Что ж, теперь ваш ход, мистер А.Г. Он привычно складывает ладони домиком и морщится — нет, любимого жеста теперь лучше избегать, не слишком эстетичное зрелище. Сидящий напротив тоже морщит губы в странной усмешке:

— Значит, простое любопытство. Кажется, понимаю, почему вы сейчас лукавите — пообещали помощь, а потом сочли, что несколько переоценили свои... эээ... физические возможности?.. Что ж, я благодарен, что хотя бы пришли, мистер А.Д. — впрочем, я уже расшифровал загадочные инициалы. — Усмешка становится довольной. — Сами понимаете, крайне редко удается увидеть магическую прессу, но ваши колдографии прошлым летом были на первых полосах всех выпусков наших газет, профессор Дамблдор.
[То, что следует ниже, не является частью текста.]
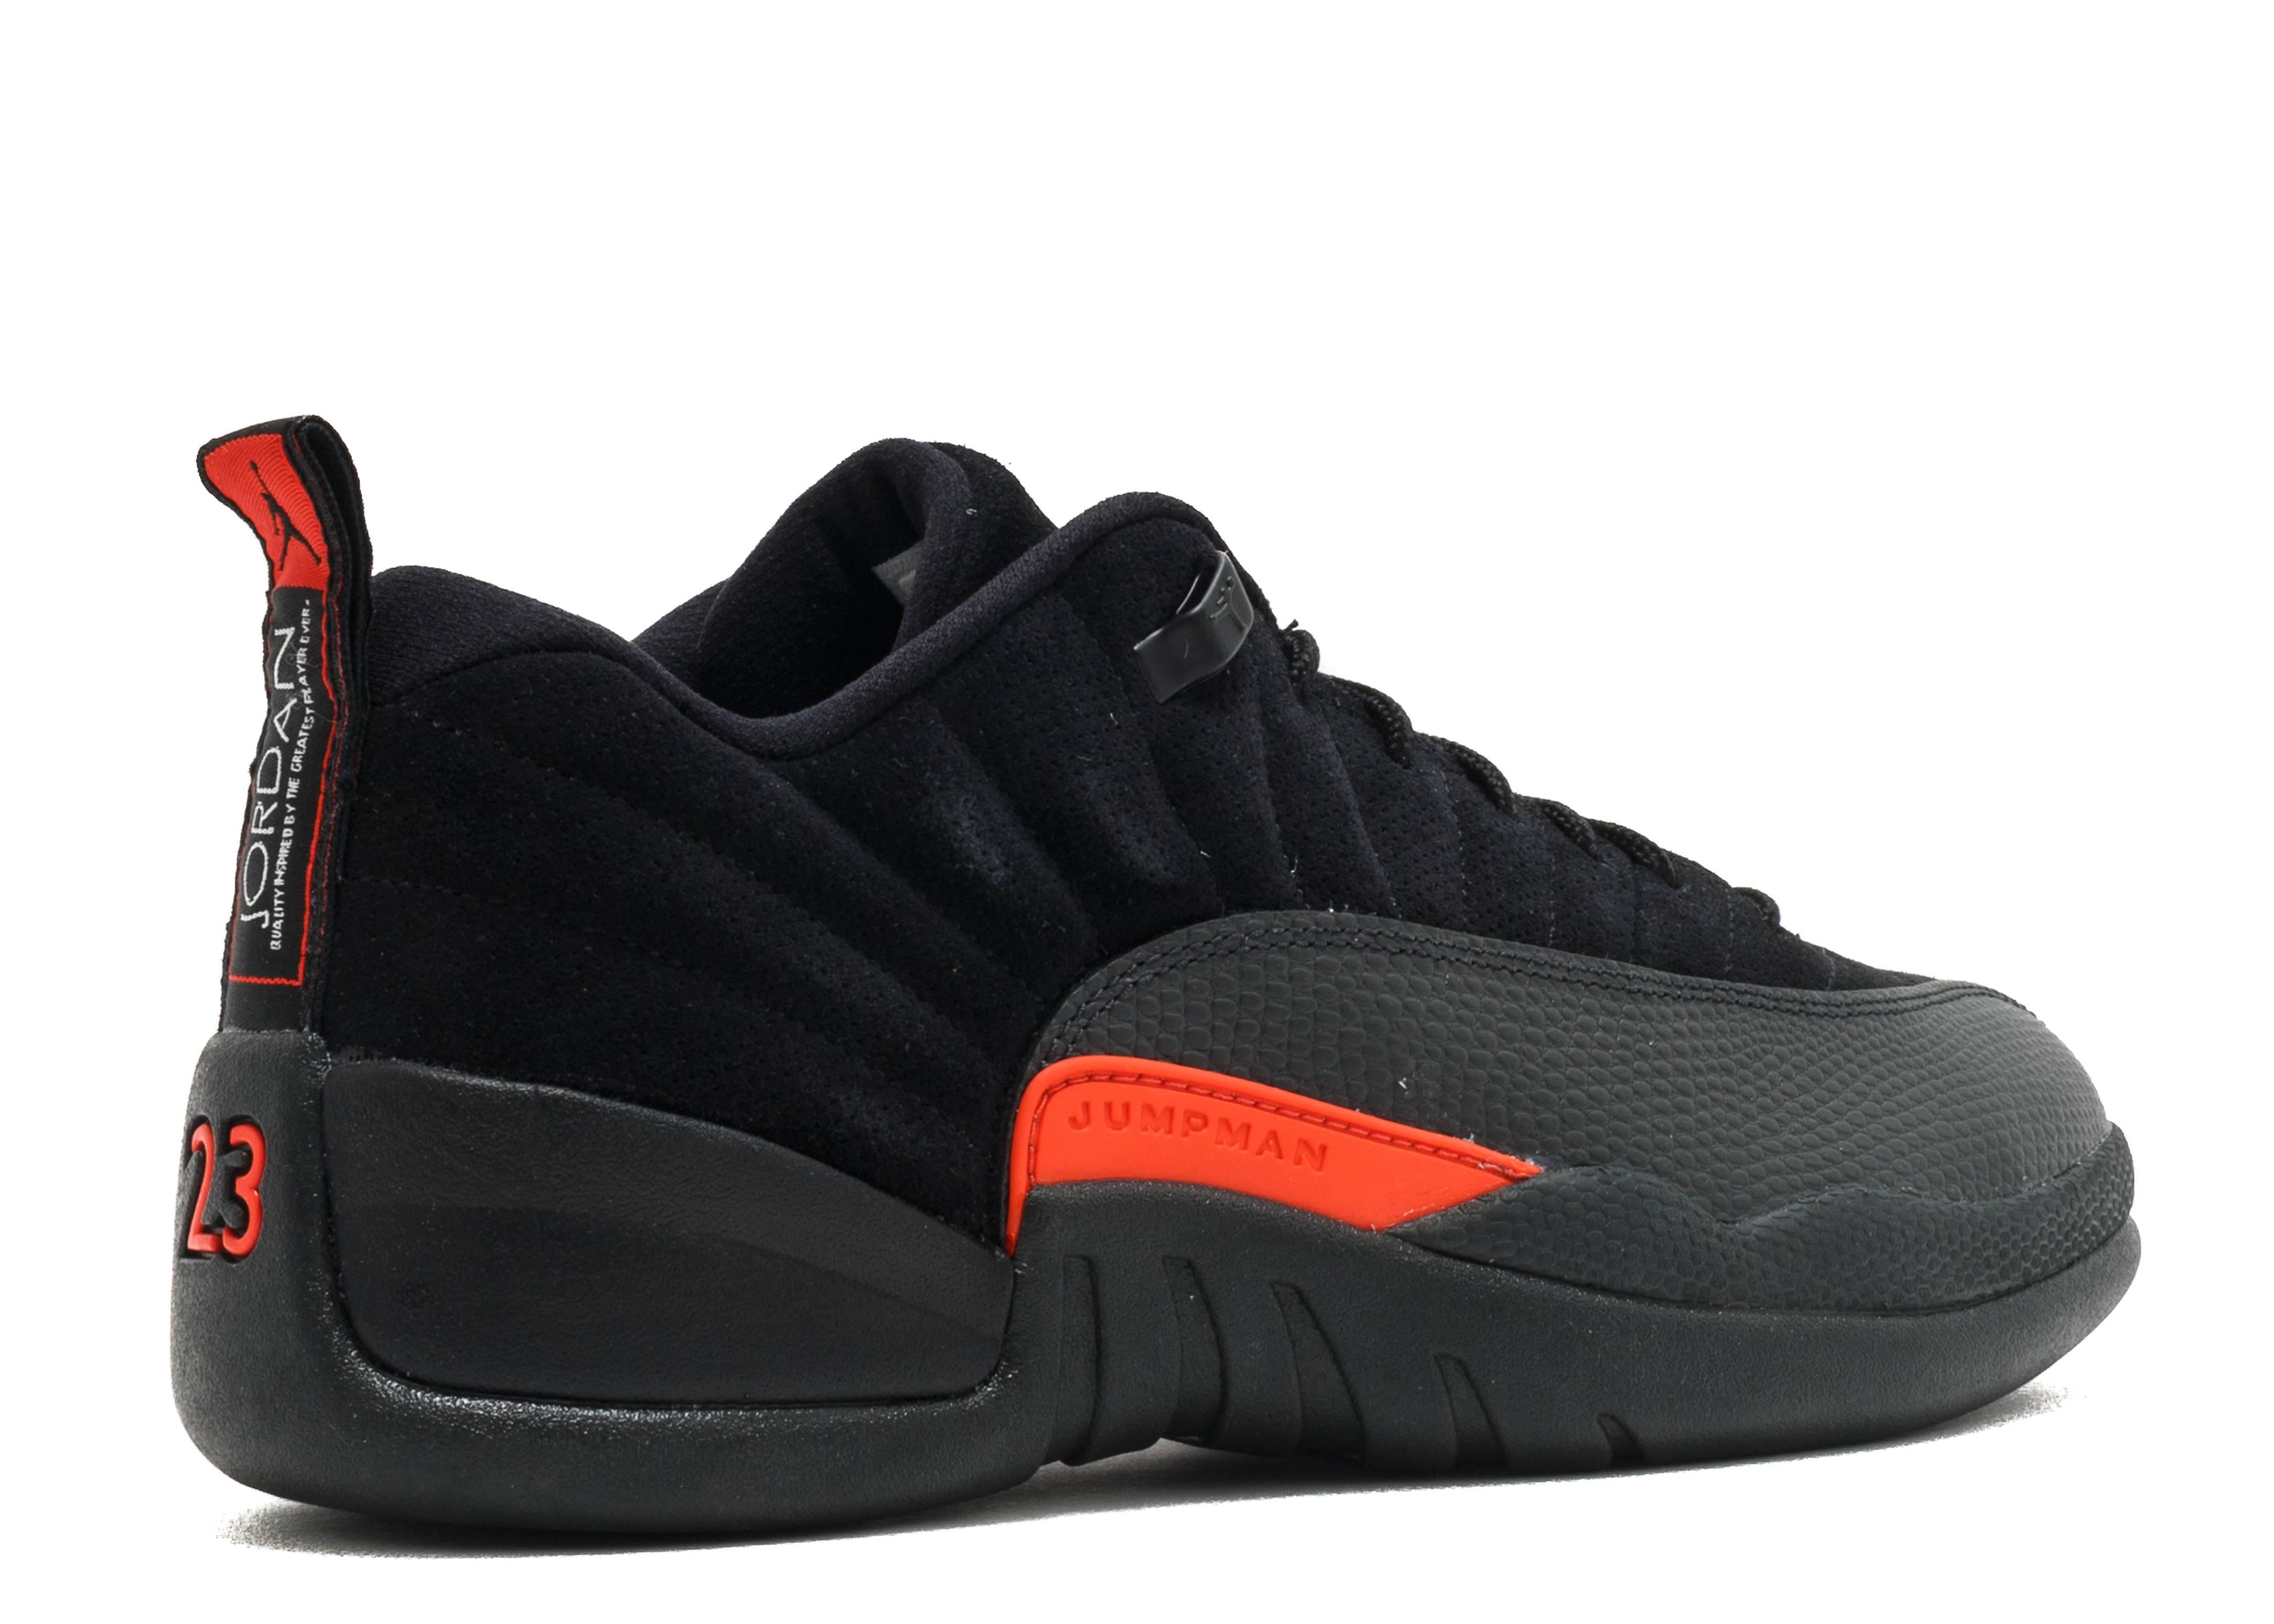 Jordan 12 Low Retro 'Max Orange' - Size 13 - Us Size POgUh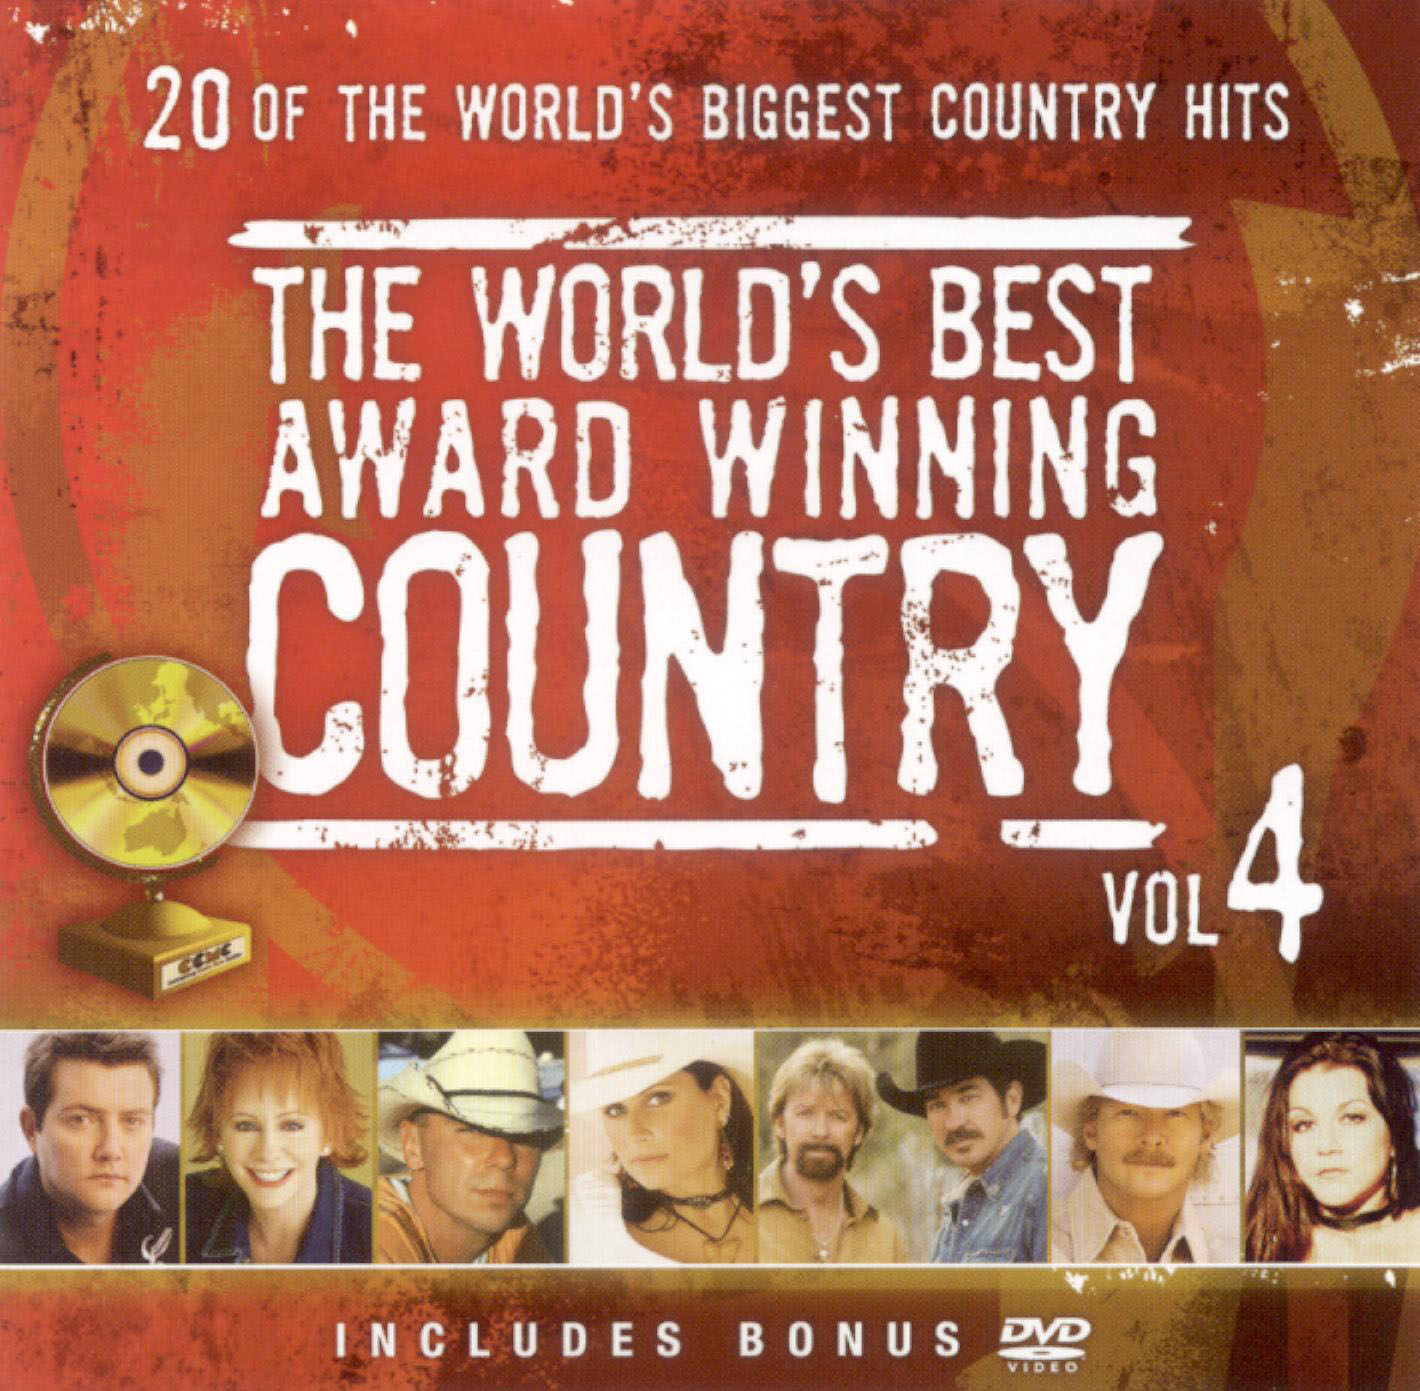 World's Best Award Winning Country, Vol. 4

— У вас отличная зрительная память, мистер Гриндельвальд. — Он тоже позволяет себе одобрительную усмешку. — И явная авантюрная жилка — не каждый решится бросить все дела и отправиться в чужую страну на встречу с человеком, которого даже не знает. Как добирались — воспользовались порталом?

Вот теперь полыхнуло всерьез — юнец вскакивает, чуть не смахнув пепельницу на пол, и пришепетывающий акцент в низком яростном голосе становится заметнее:

— При чем тут авантюрная жилка? Вы бы тоже отправились к кому угодно, будь вы сквибом и понадейся на чудо! Портал!.. Будто вам не известно, что сквибы обречены всю жизнь задыхаться в магловском транспорте, пользоваться магловской почтой, жить в магловских гостиницах! Не думал, что вам свойственна такая... такое равнодушие, способность походя унизить человека — или сквибы в вашем понимании не вполне люди?..

Он мечется по комнате, натыкаясь на мебель, нелепо взмахивая руками и что-то еще выкрикивая — Дамблдор почти не вслушивается: неважно, ничего принципиально нового ему сейчас не сообщат. Значит, сквиб. Он вспоминает, как, опешив, дважды перечитал строки из того письма, но смысл написанного не изменился — внучатый племянник Геллерта "от рождения лишен магической силы".

Разумеется, он знал, что такое достаточно часто встречается даже в семьях чистокровных волшебников, но родственник — точнее, единственный, насколько ему известно, наследник Гриндельвальда по мужской линии?.. Представить, что огненная, обжигавшая через кожу, выплескивавшаяся бурным потоком магия Геллерта иссякла в его потомке, оказалось почти невозможным — словно мощный фонтан, бьющий ввысь и достающий, казалось, до звезд, вдруг заглох навсегда. Не то чтобы это причиняло боль — уже очень немногое могло его по-настоящему задеть, не то чтобы он действительно сопереживал мальчику — он давно запретил себе сочувствие… Потому что это означало бы чувствовать, а позволить себе прислушиваться к своим и чужим чувствам было слишком большой роскошью в его положении. Но целую минуту он тогда боролся с желанием взять мальчика в штат Хогвартса в помощники Филчу или мадам Пинс. Впрочем, для этого сквиба возможность быть хоть как-то причастным к жизни магов оказалась бы не благодеянием, а пыткой, если судить по прерывистым, полным едкой горечи фразам:

— Знаю, вы скажете, что у меня есть выбор, что магический мир нас не отвергает, что порталом я могу воспользоваться, ухватившись за руку доброго самаритянина!.. Что в отеле принесут свечи, гостиничные эльфы обслужат меня с тем же рвением и охотой, что и любого постояльца... Что на взгляды и усмешки обращать внимание глупо... Что работу в магическом мире сквибу найти несложно, да хоть помощником зельевара — толочь жуков и нарезать корни, не слишком престижное занятие, но ничуть не хуже отсиживания часов в офисе!.. Будто я тысячу раз не говорил себе то же самое и будто в этом дело!..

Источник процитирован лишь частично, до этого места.